The first is the ability to boot a unikernel only when it is required, which opens up the possibility of highly-elastic infrastructure. The second is the ease with which we can push, pull or otherwise distribute unikernels throughout a system, allowing new forms of deployment to both cloud and embedded systems. We’ll consider these in turn and see where they take us, comparing with the current ‘mirage-decks’ deployment I described in Part 1.

Demand-driven clouds

The way cloud services are currently provisioned means that you may have services operating and consuming resources (CPU, memory, etc), even when there is no demand for them. It would be significantly more efficient if we could just activate a service when required and then shut it down again when the demand has passed. In our case, this would mean that when a unikernel is ‘deployed to production’, it doesn’t actually have to be live — it merely needs to be ready to boot when demand arises.
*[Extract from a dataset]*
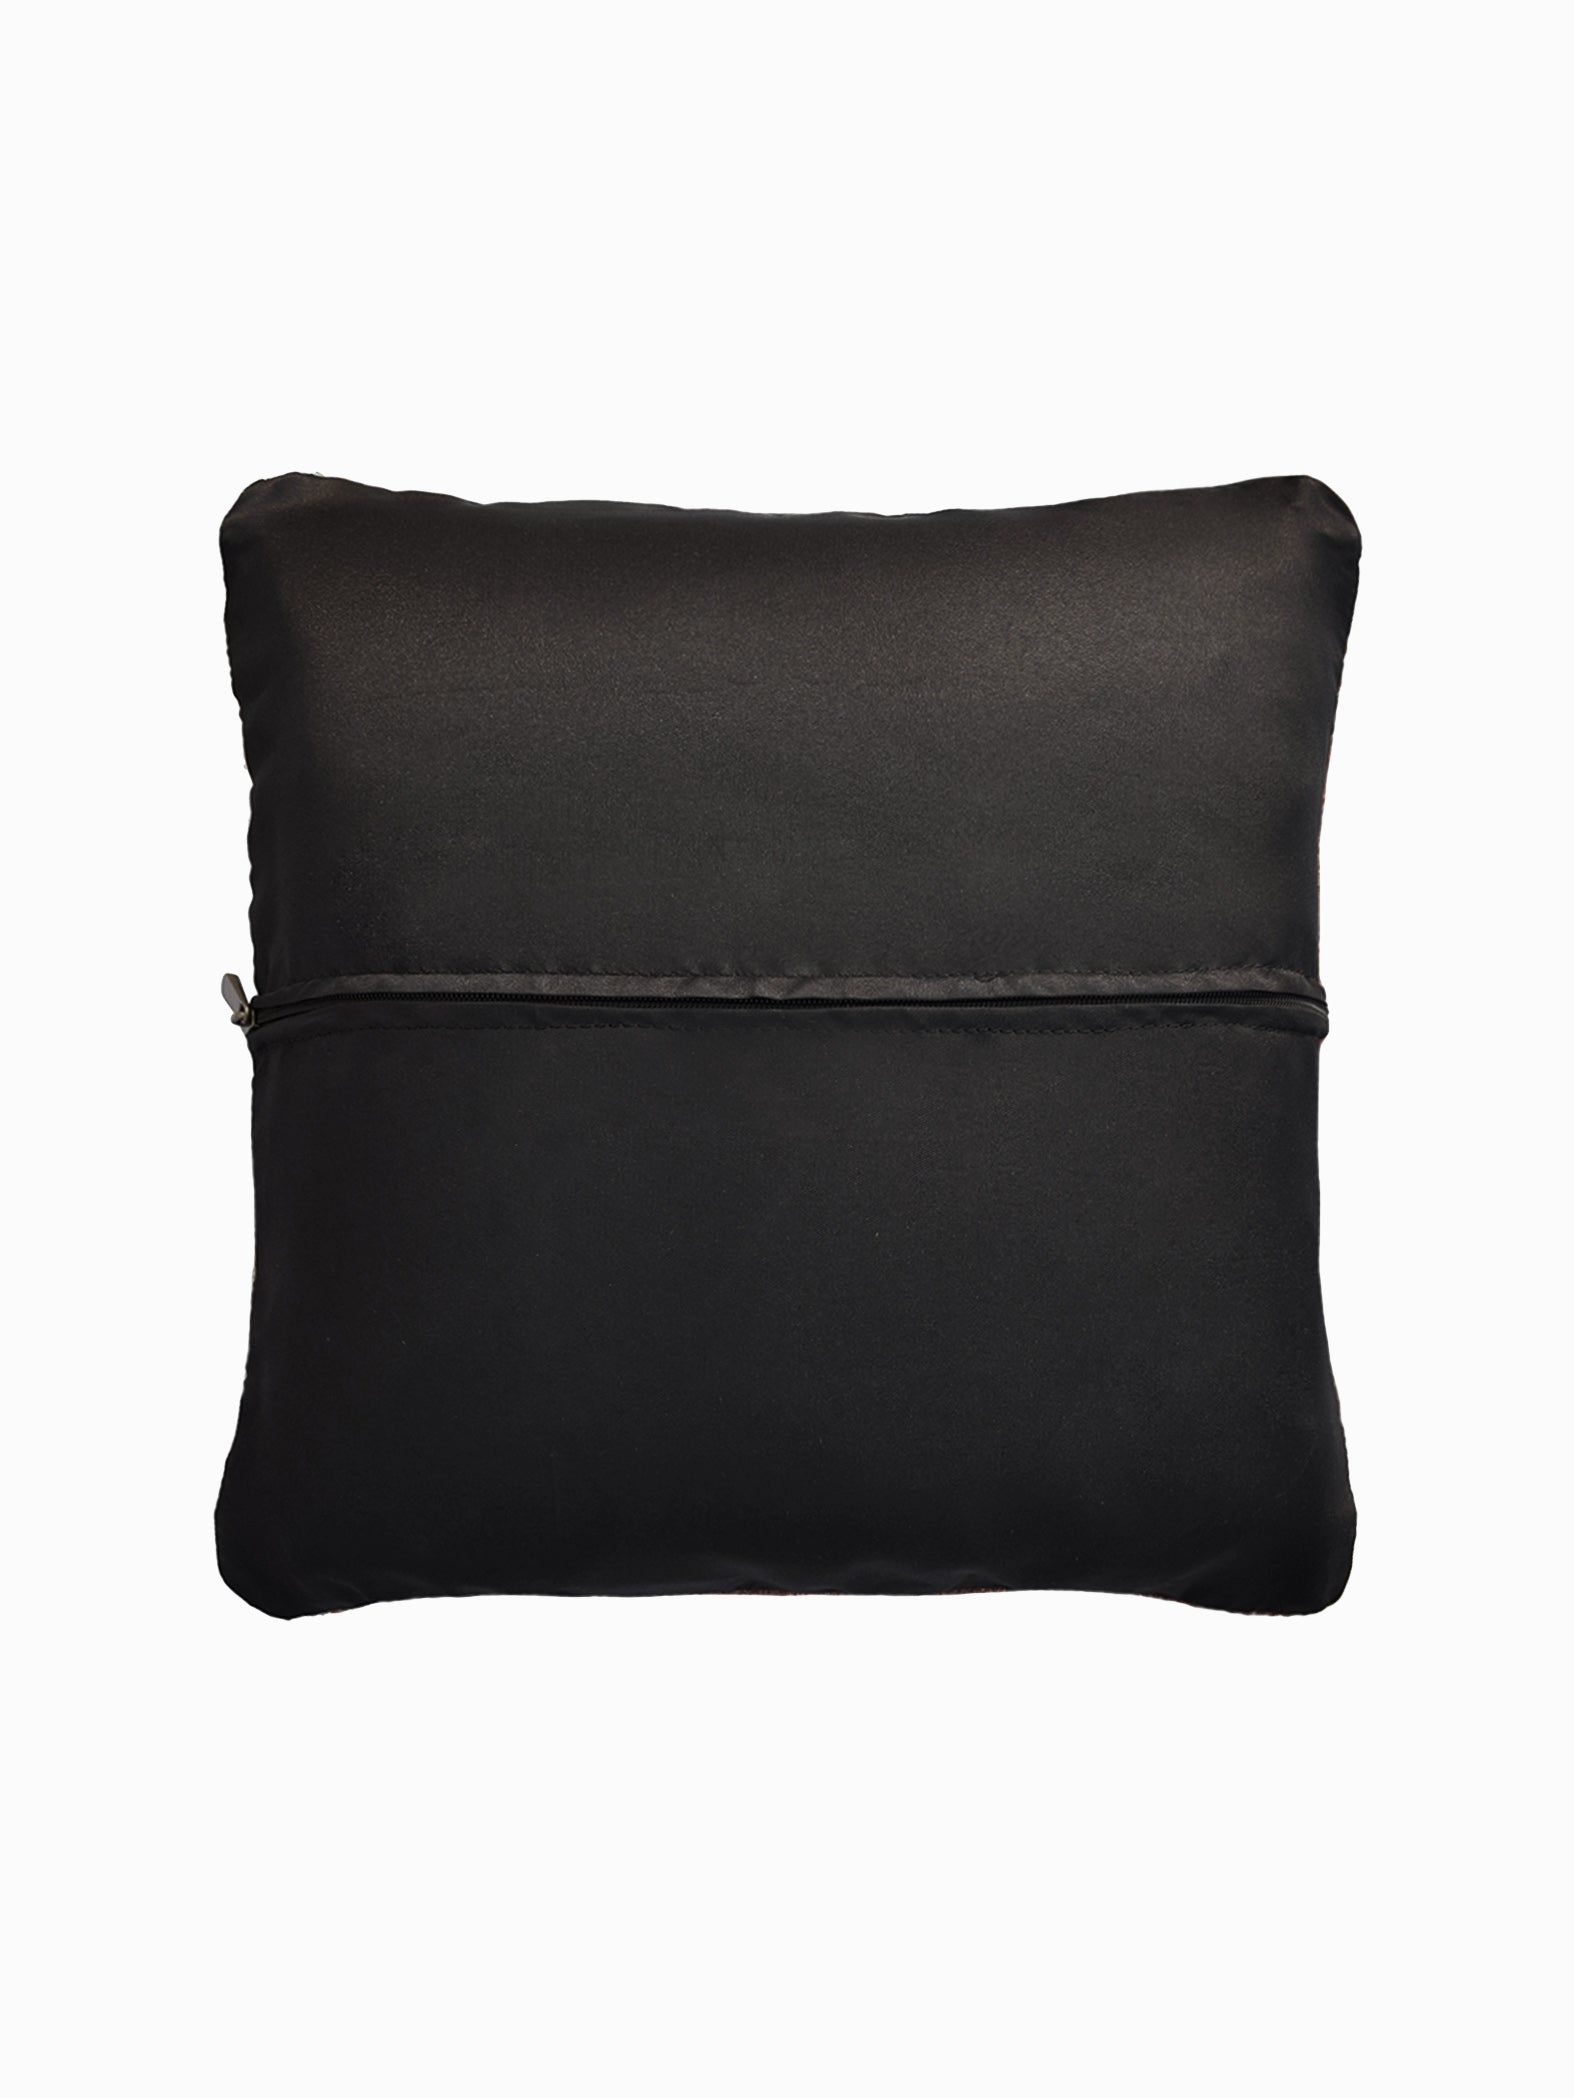 Scarlet & Navy Kilim Cushion Cover

With tools like Jitsu (Just-In-Time Summoning of Unikernels), we can work towards this kind of architecture.

Summon when required

Jitsu allows us to have unikernels sitting in storage then ‘summon’ them into existence. This can occur in response to an incoming request and with no discernible latency for the requester. While unikernels are inactive, they consume only the actual physical storage required and thus do not take up any CPU cycles, nor RAM, etc. This means that more can be achieved with fewer resources and it would significantly improve things like utilization rates of hardware and power efficiency.
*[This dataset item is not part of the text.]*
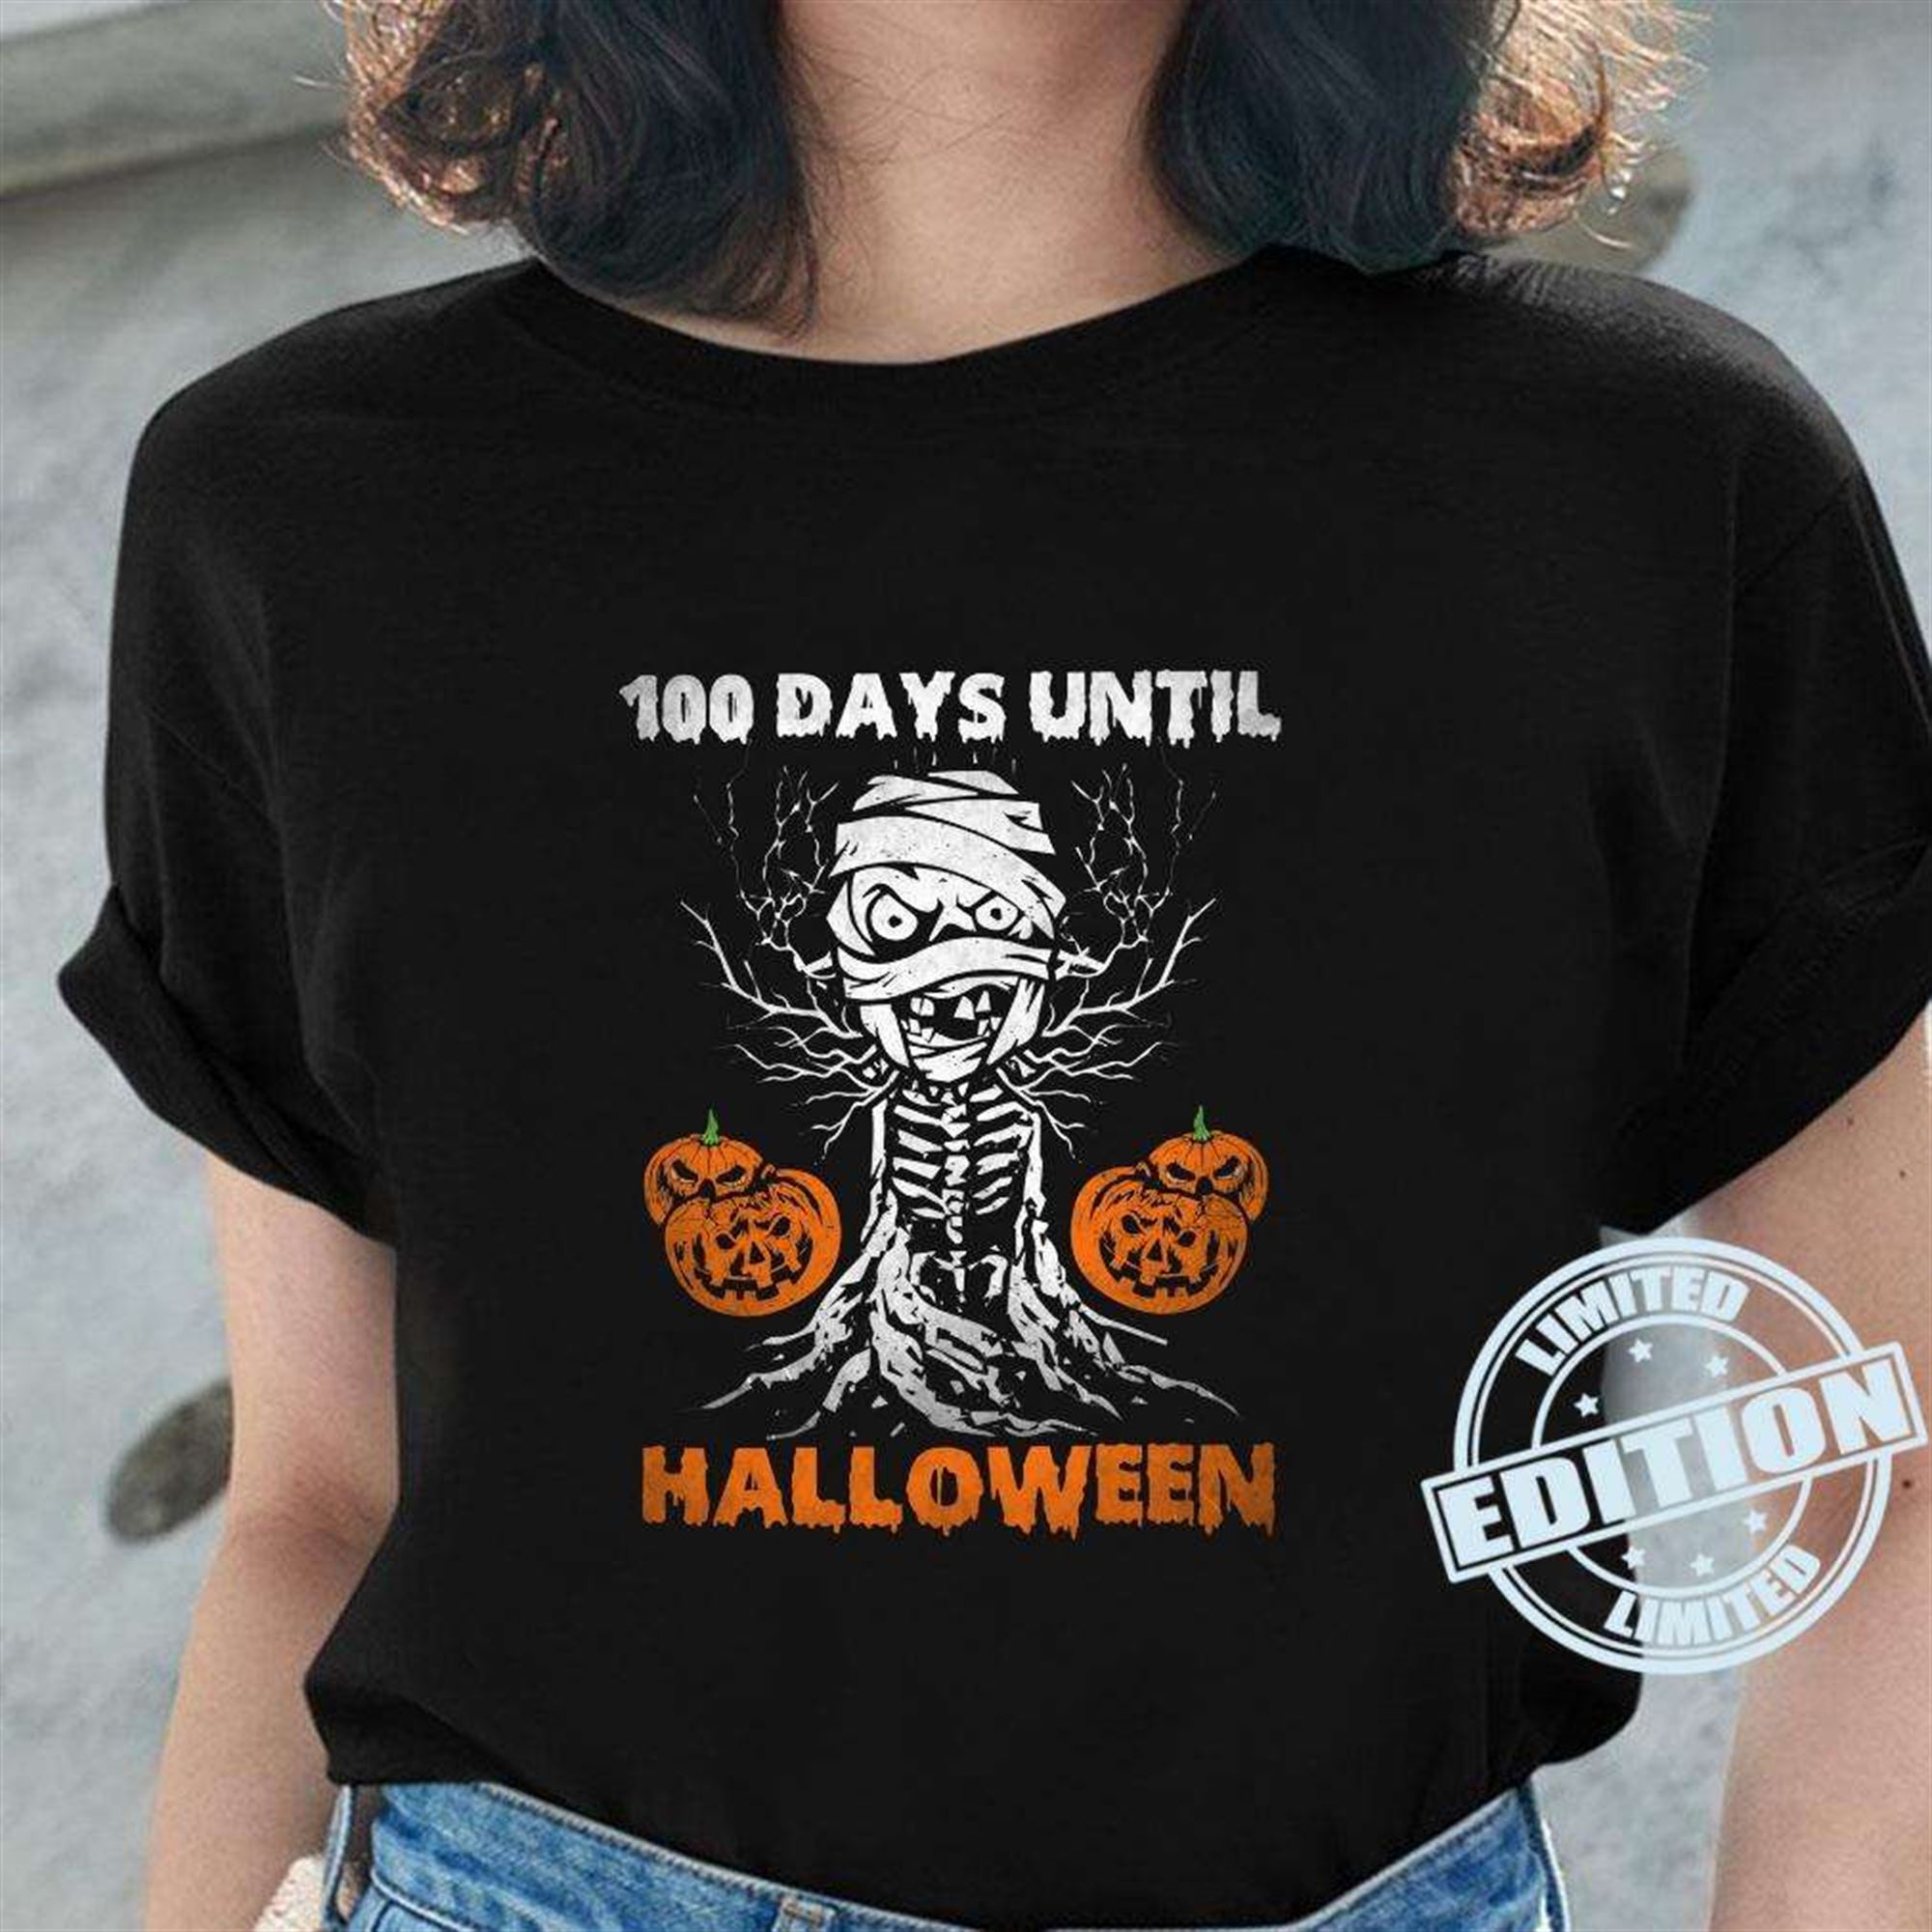 100 Days Until Halloween Shirt Halloween Pumpkin Costume T-shirt Plus Size Up To 5xl

In the case of the decks.openmirage.org unikernel that I discussed last time, it would mean that the site would only come online if someone had requested it and would shut down again afterwards.
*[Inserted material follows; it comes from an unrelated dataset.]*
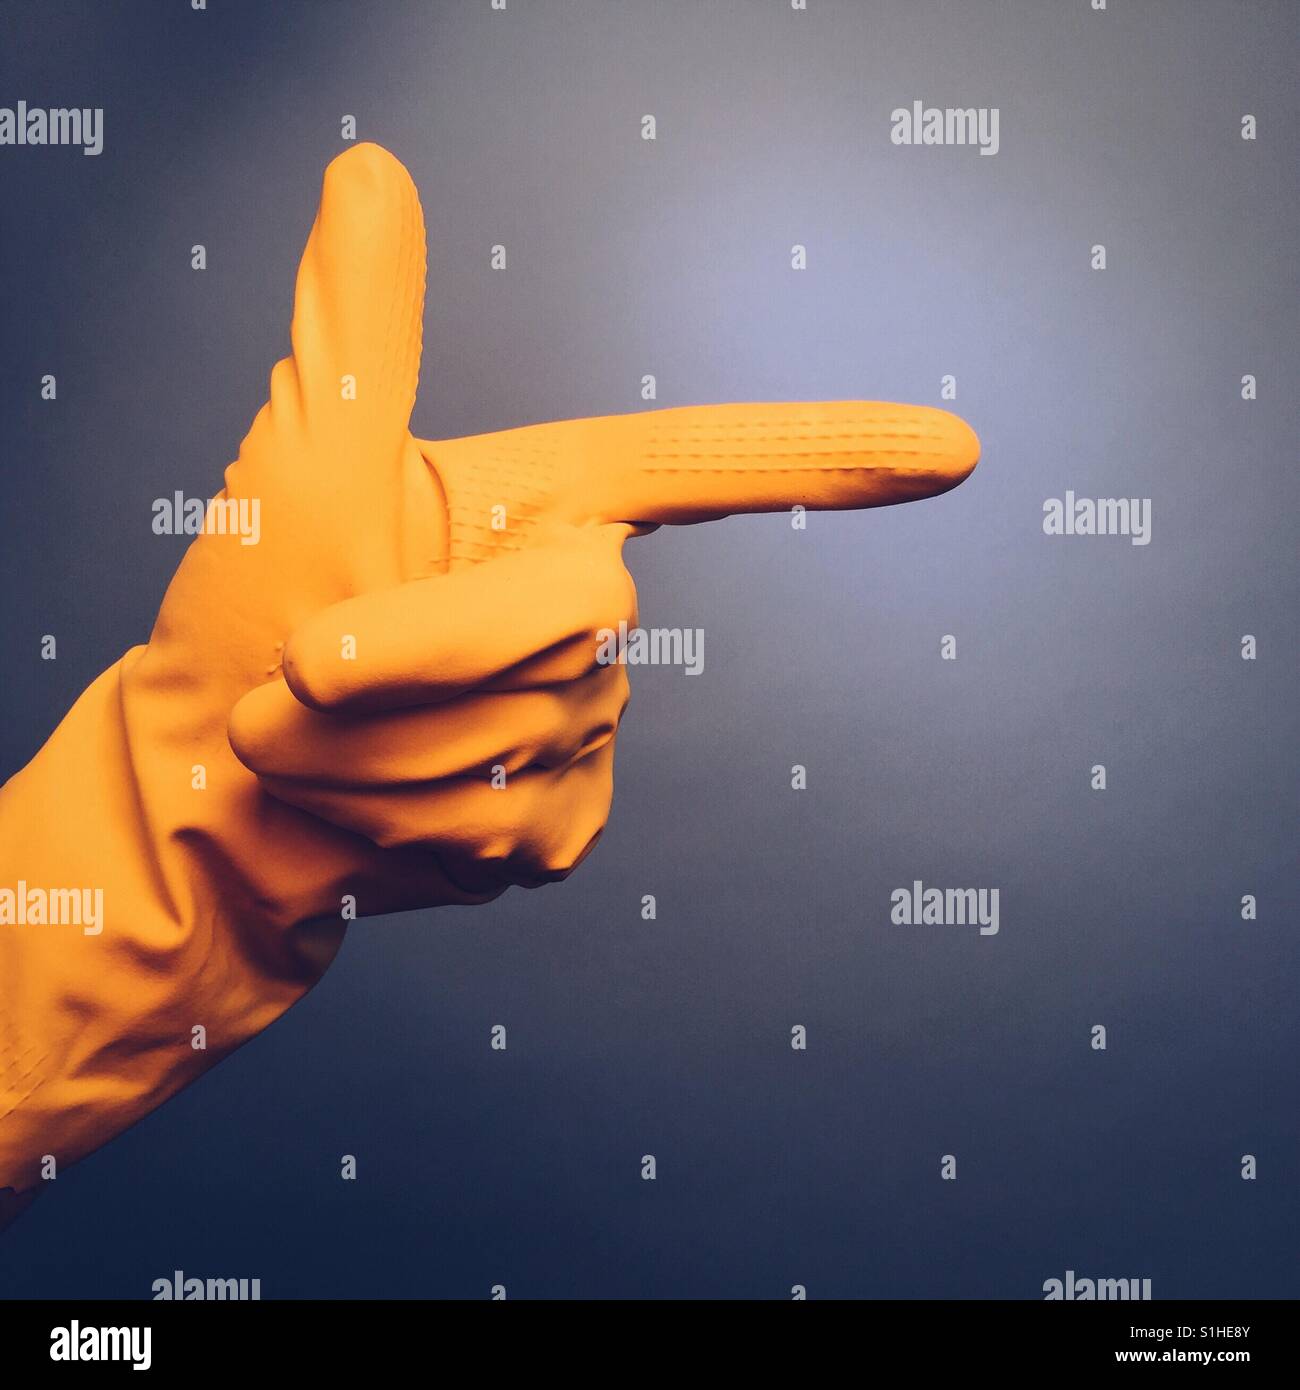 Die Hand eines Mannes in einem gelben Gummihandschuh macht eine Geste auf blauem Grund die hand zeigen Stockfoto

In fact, we’ve already been working on this kind of system and Jitsu will be presented at NSDI in Oakland, California this May. In the spirit of looking ahead, there’s more we could do.

Hyper-elastic scaling

At the moment, Jitsu lets you set up a system where unikernels will boot in response to incoming requests. This is already pretty cool but we could take this a step further. If we can boot unikernels on demand, then we could use that to build a system which can automate the scale-out of those services to match demand. We could even have that system work across multiple machines, not just one host. So how would all this look in practice for ‘mirage-decks’?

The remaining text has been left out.